Once the preliminary background information is delivered, the film settles into a nice sense of domesticity as Reed and Susan prepare for the baby’s imminent arrival in their own unique ways, Reed by delegating to his trusty robot H.E.R.B.I.E. his responsibilities as a soon to be father while running tests on his wife to make sure there are no abnormalities in the baby as a result of the cosmic radiation that changed their lives. Everything seems to be going according to plan until the Silver Surfer (Julie Garner) surfs her way to this parallel version of early 1960s Times Square and, like the Vogons in The Hitchhiker’s Guide to the Galaxy, announces that the planet will be demolished by the planet-hungry godlike mechanical entity Galactus (voiced by the magnificent Ralph Ineson).
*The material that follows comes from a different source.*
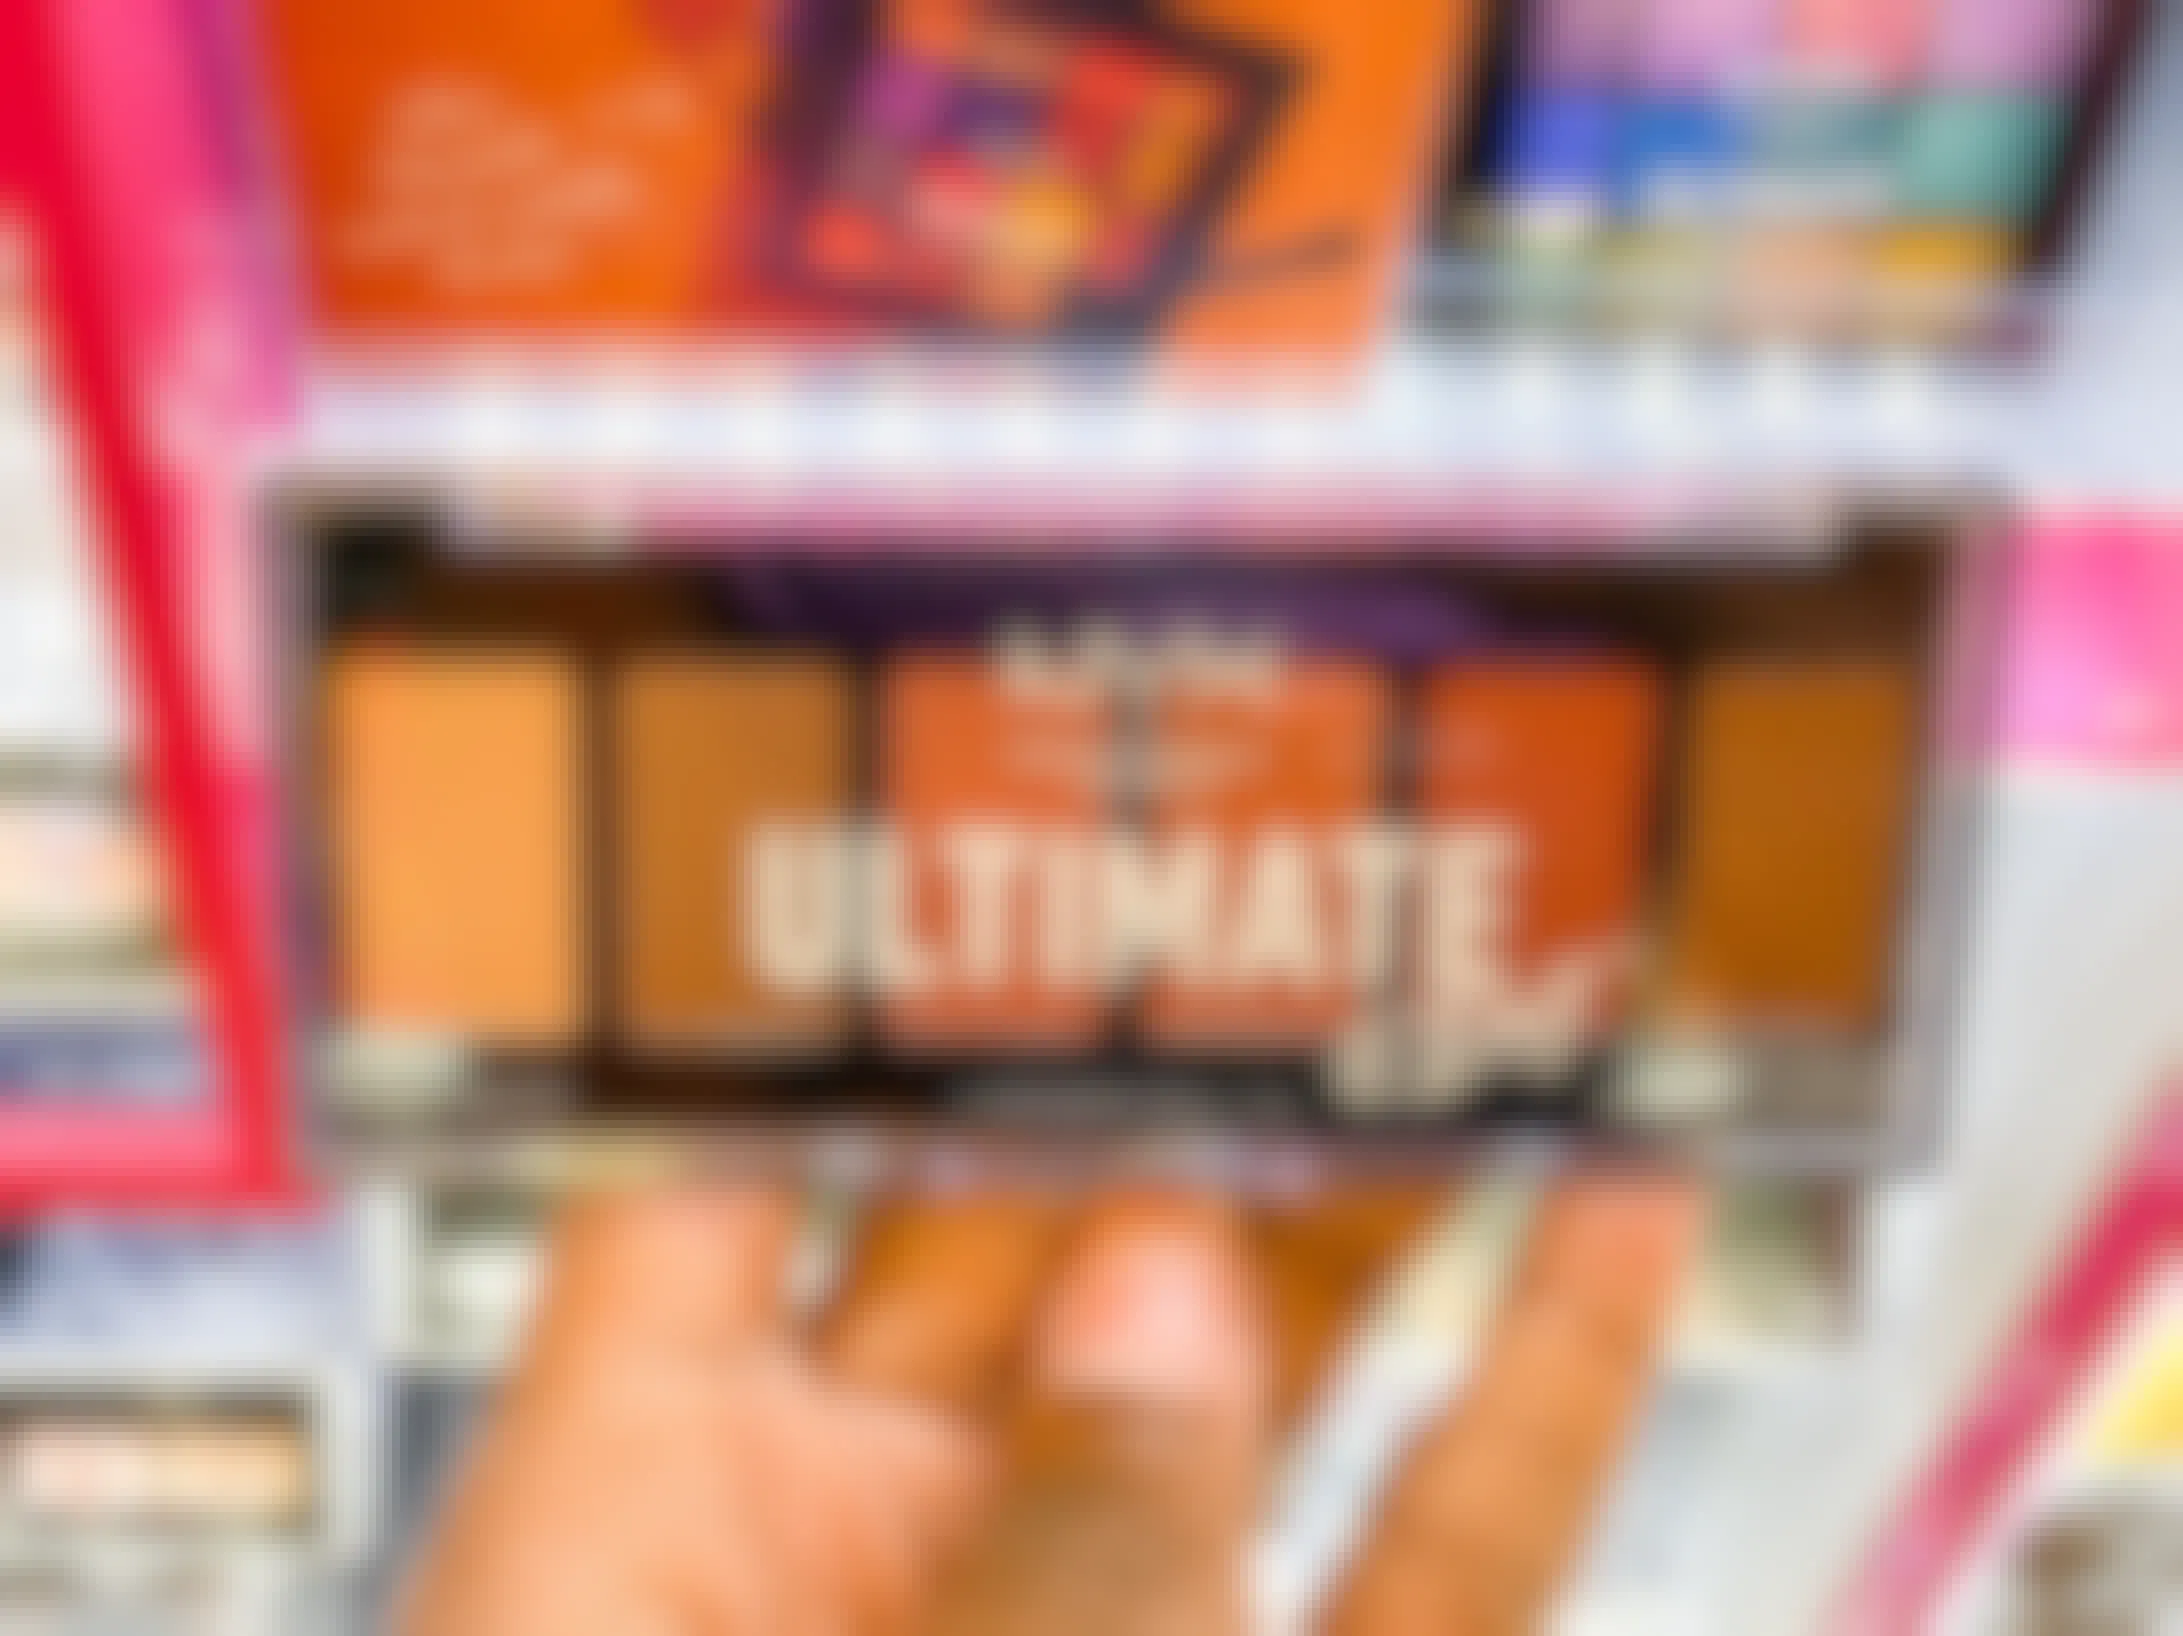 A person's hand holding NYX ultimate edit eyeshadow palette in Ulta.

Tracing the Surfer’s origins to a series of planets destroyed by Galactus, the Four jump into their rocket ship and head towards that spot in hopes of negotiating with him. After Galactus’ scan detects hidden powers in the unborn's body, he makes them a counter-offer: the baby in exchange for leaving the planet alone. Galactus wants the future Franklin Richards to take over his planet-destroying business so he can finally rest in peace. Reed’s and Susan’s response paves the way to a suspenseful, rather psychedelic and at times rather comical outer space chase and childbirth sequence near a potential black hole, and to the moral crux of the film as soon as they make it back to Earth 828 in one piece. More, I won’t reveal; however, that quandary sets up some wonderful intimate scenes between Kirby and Pascal and another where Susan speaks as a mother to a crowd of critics.
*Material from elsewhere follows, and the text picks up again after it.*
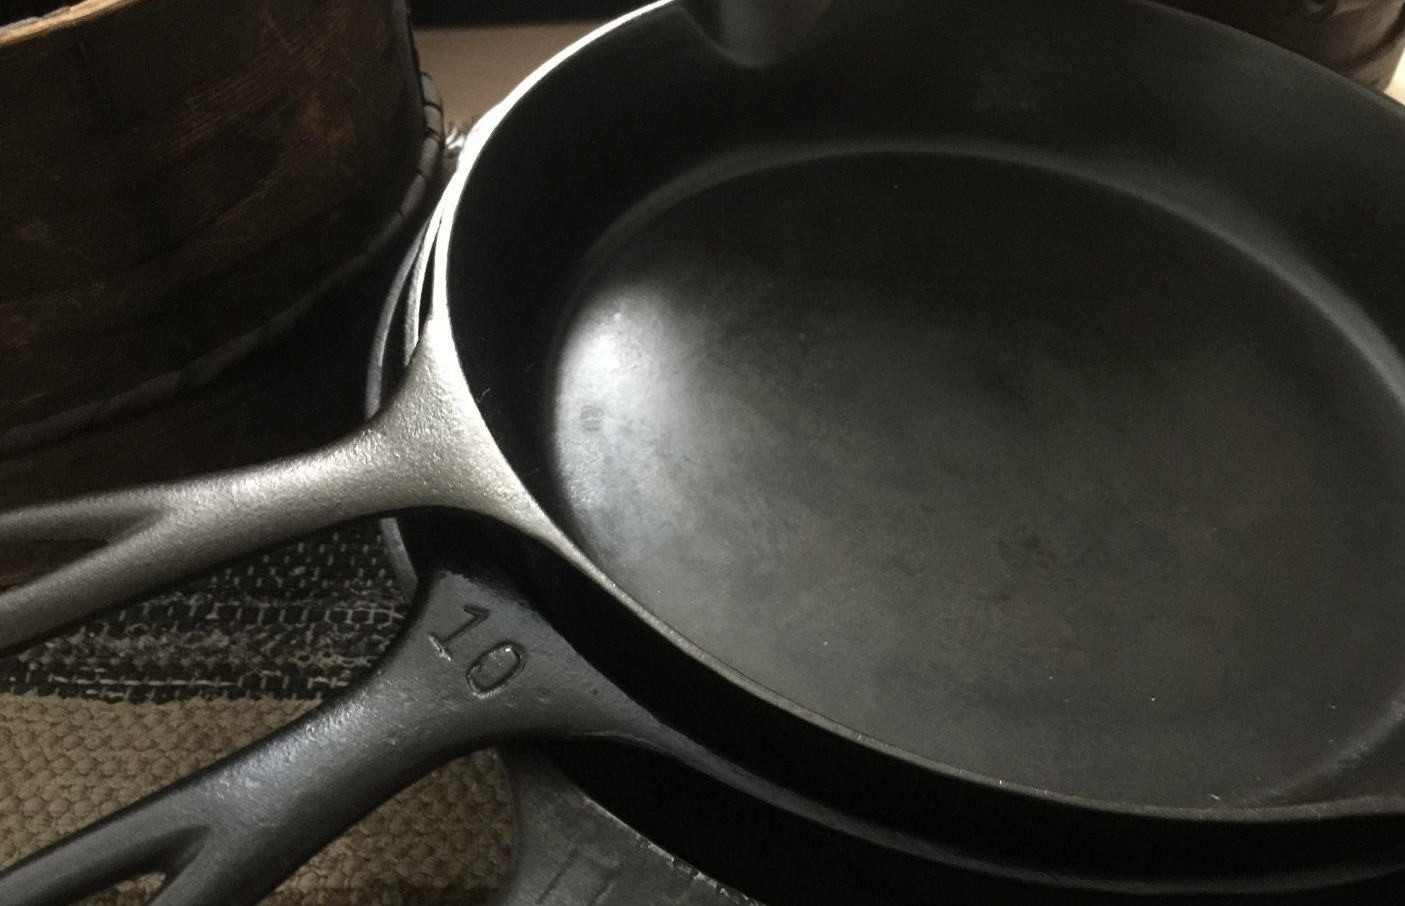 Today's haul: Wagner skillet oven bottom, Griswold sbl 10, Iron

True to its science-fictional roots, The Fantastic Four: First Steps focuses far more on problem-solving and the frustrations behind the right scientifically ethical solution than in beating the crap out of the enemy. We are presented, in the film’s second half, with a Reed Richards who doubts his own knowledge, his own scientific instincts, who, maybe for the first time in his career, feels out of his league. Even Johnny gets in on the game, overcoming the vain pretty boy cliché of past iterations of his character in actually figuring things out on his own as he deciphers the messages contained in signals sent from the destroyed planets. Ben may be doing most of the clobbering by the end of the film, but he also proves himself useful in other ways when it comes to implementing Reed’s plans. Again, brain AND brawn. Ben also seems to be far more comfortable in his own body than past film versions of the character.
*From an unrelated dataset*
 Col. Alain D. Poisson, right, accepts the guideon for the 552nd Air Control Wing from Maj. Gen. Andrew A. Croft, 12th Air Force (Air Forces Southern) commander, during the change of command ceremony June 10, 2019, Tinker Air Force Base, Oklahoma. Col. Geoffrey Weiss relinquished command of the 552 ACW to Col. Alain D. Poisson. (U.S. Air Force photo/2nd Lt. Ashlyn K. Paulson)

The Fantastic Four: First Steps is by no means a perfect film. It introduces a character sweetly played by Natasha Lyonne hinting at a potential romance between her and Ben. And that’s how it stays as: a hint until the quartet’s next solo adventure. Galactus’ planet destroying device is not exactly a brand new idea: it looks like a distant cousin to Star Trek: The Motion Picture’s massive mechanical entity known as V’ger and the big alien artifact that turned the power off every spaceship and space station in the Solar System in Star Trek IV: The Voyage Home.
But I dug it. Not only does the film vindicate these characters on the big screen after so many failed attempts, but in casting its four leads, Shakman and his team paid far more attention to their chemistry than the casting team behind past iterations of the franchise. They also gave the Fantastic Four a wonderful world to play in, a world that evokes, in its retrofuturism, the optimism this country embraced back in the early days of the space race. The Fantastic Four: First Steps feels like a natural summer companion to James Gunn’s Superman: they both embrace the light, even though there is far more brawn than brain in Gunn’s film. But The Fantastic Four: First Steps takes it one step further. This is a film that believes that science can solve our problems, that our imagination is a valuable tool, and that, yes, there is no place like home. Too bad about that mid-credit sequence: I want to spend far more time on Earth 828 and with this family and see how they tackle their version of the 70s and 80s, than in another metahuman, multiverse reunion.